Effect of Hydrostatic Pressure on Nano Crystalline Materials Behavior

Abstract

One of the Remarkable Differences between Mechanical Behavior of Nano-Crystalline and Coarse-Grained Materials Is Tension Compression Asymmetry that Has Been Experienced in Nano-Crystalline Materials. In this Paper a Constitutive Model Is Proposed which Considers Dominant Operative Deformation Mechanisms of Nano-Crystalline Materials Including Grain Interior Plasticity, Grain Boundary Diffusion and Grain Boundary Sliding. A Grain Size Dependent Taylor Type Polycrystalline Model Is Used to Predict Grain Interior Deformation. Three Dimensional Relationships Are Proposed to Relate Macro Stress and Strain Rate in Grain Boundary Mechanisms.

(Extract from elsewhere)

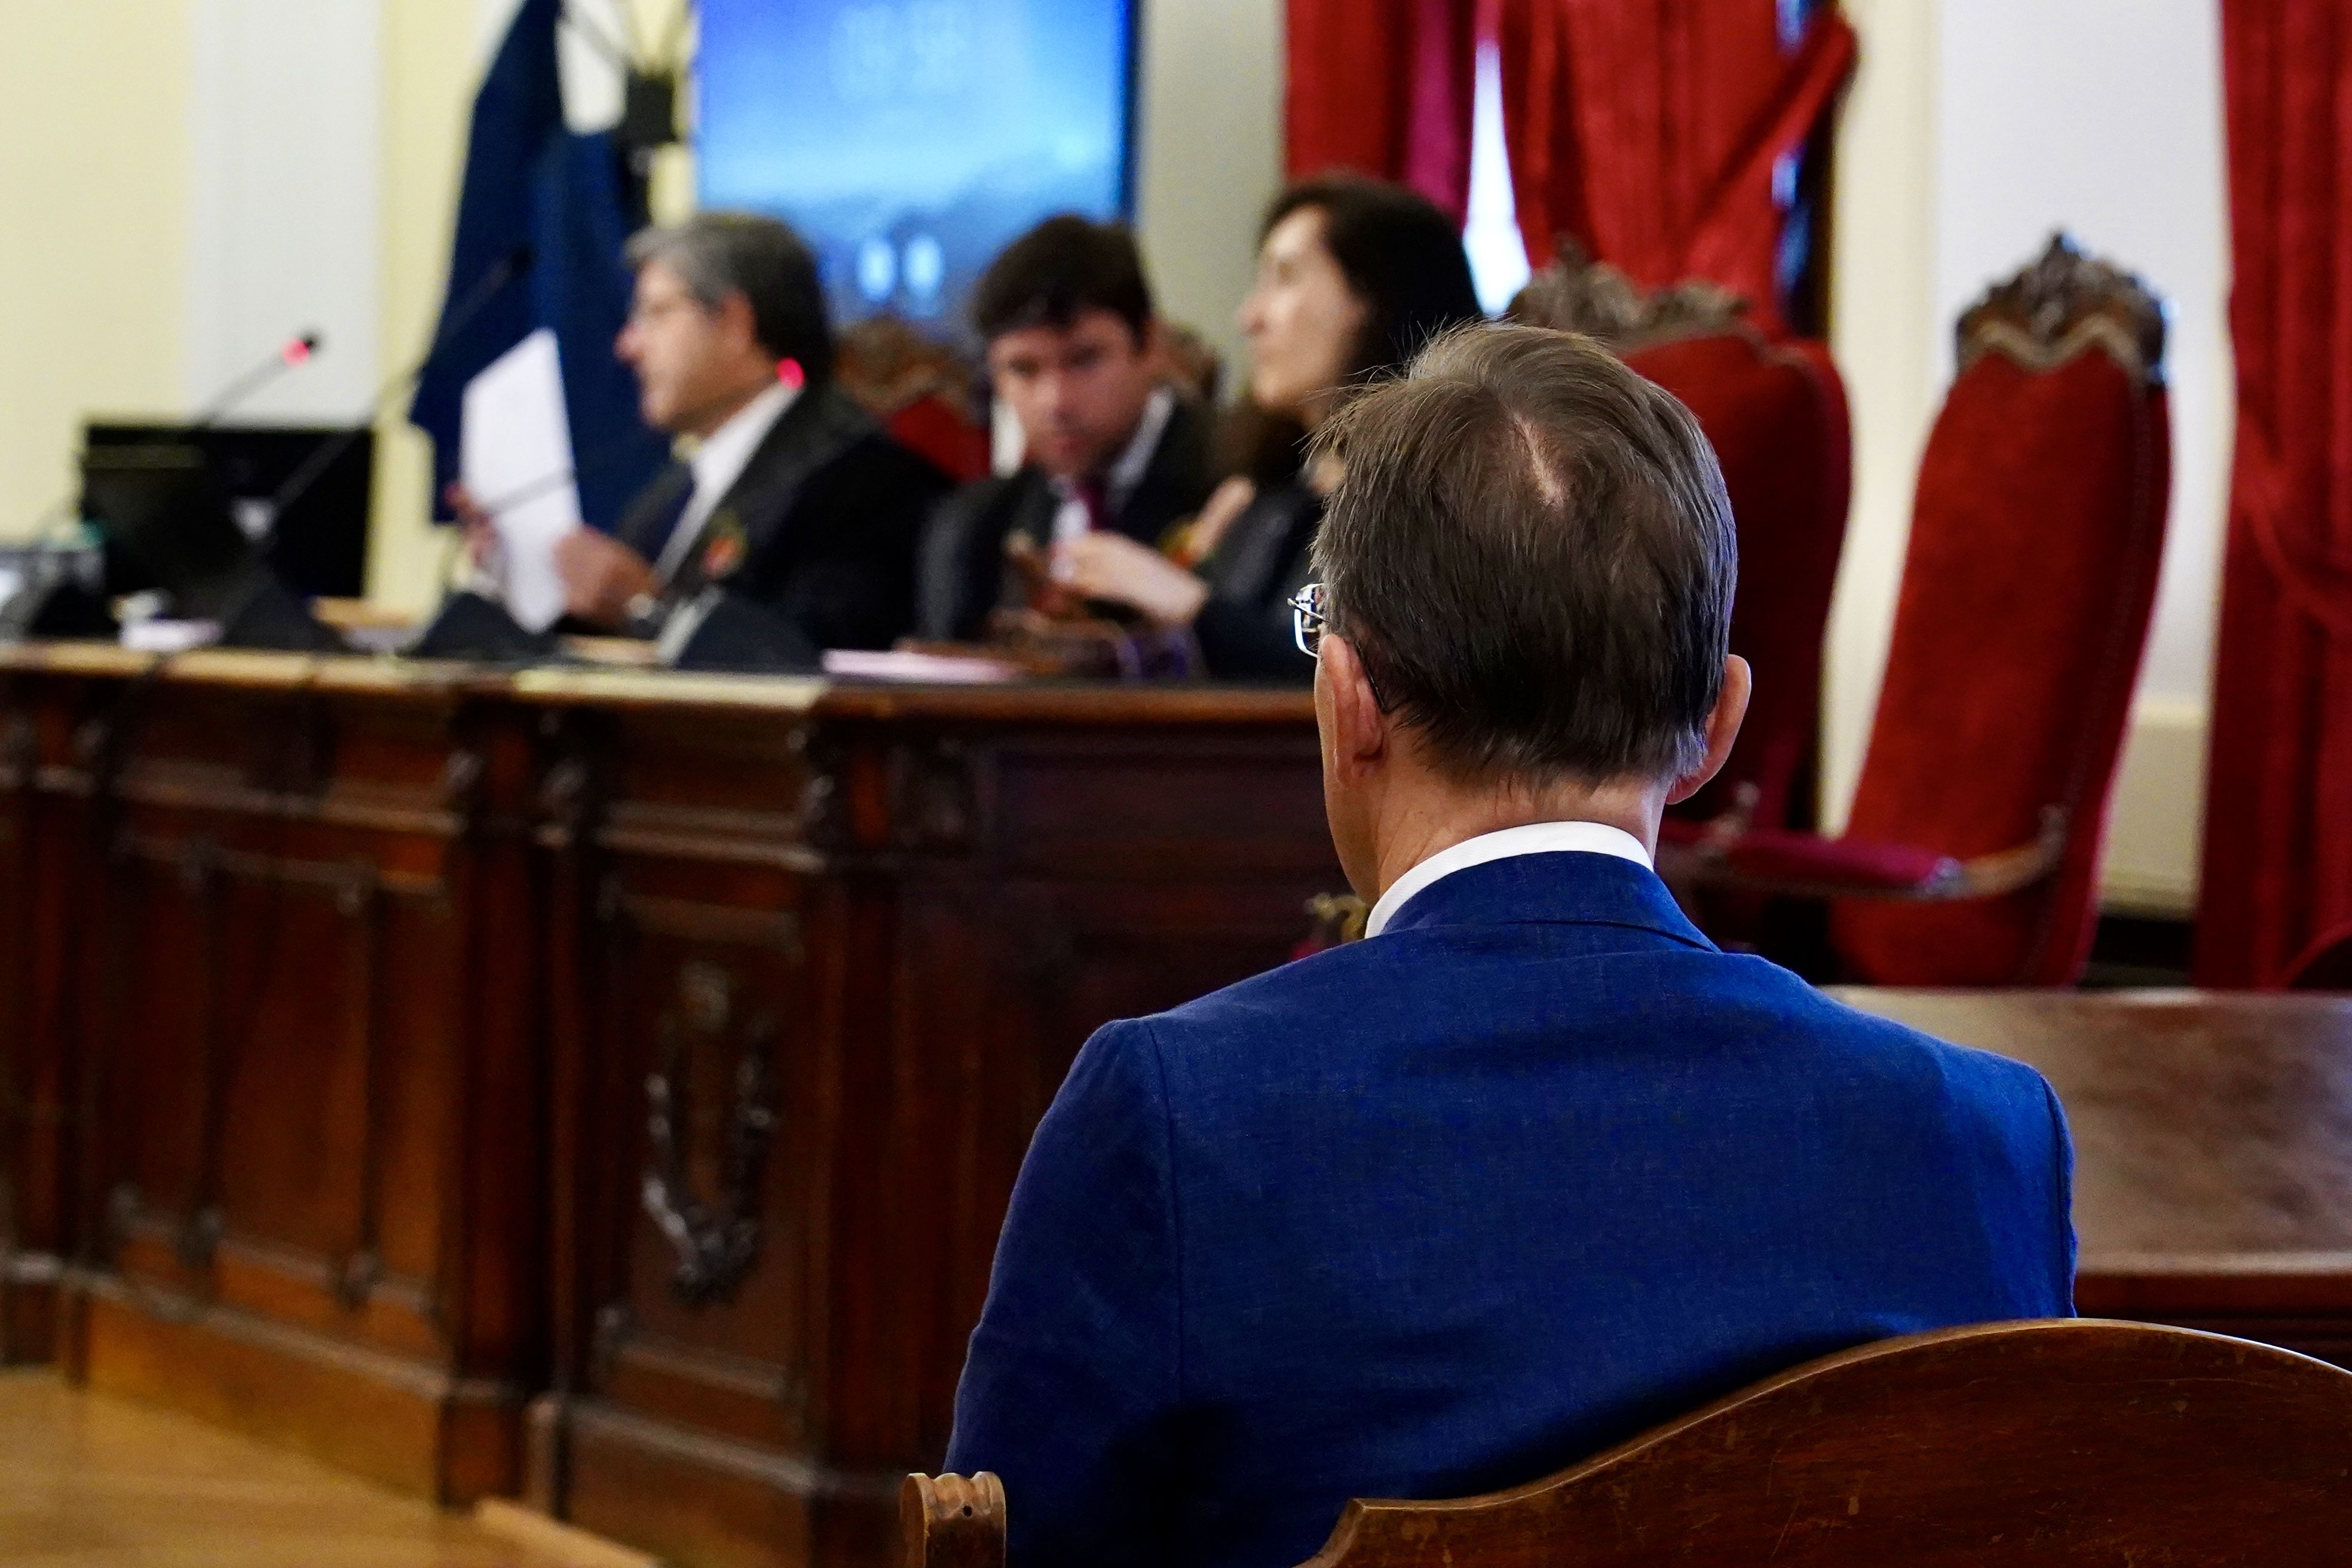  La Audiencia Provincial de León celebra el juicio de un profesional de la medicina acusado de abuso sexual

The Effect of Normal Stress Acting on a Boundary Is Also Considered in Grain Boundary Sliding, Therefore, Effect of Hydrostatic Pressure Is Included in the Model. The Proposed Model Is Used to Predict Strength of Nano-Crystalline Copper in both Tension and Compression and Good Results Are Obtained Comparing with Experimental Data. The Model Also Predicts Various Behaviors of Nano-Crystalline Materials Observed in Literature's Experiments and Molecular Dynamic Simulations. Some Examples Are: Inverse Hall-Petch Effect; Tension and Compression Maximum Strength Grain Sizes; Tension Compression Asymmetry and its Change Vs. Grain Size and Strain Rate and the Yield Locus Shape.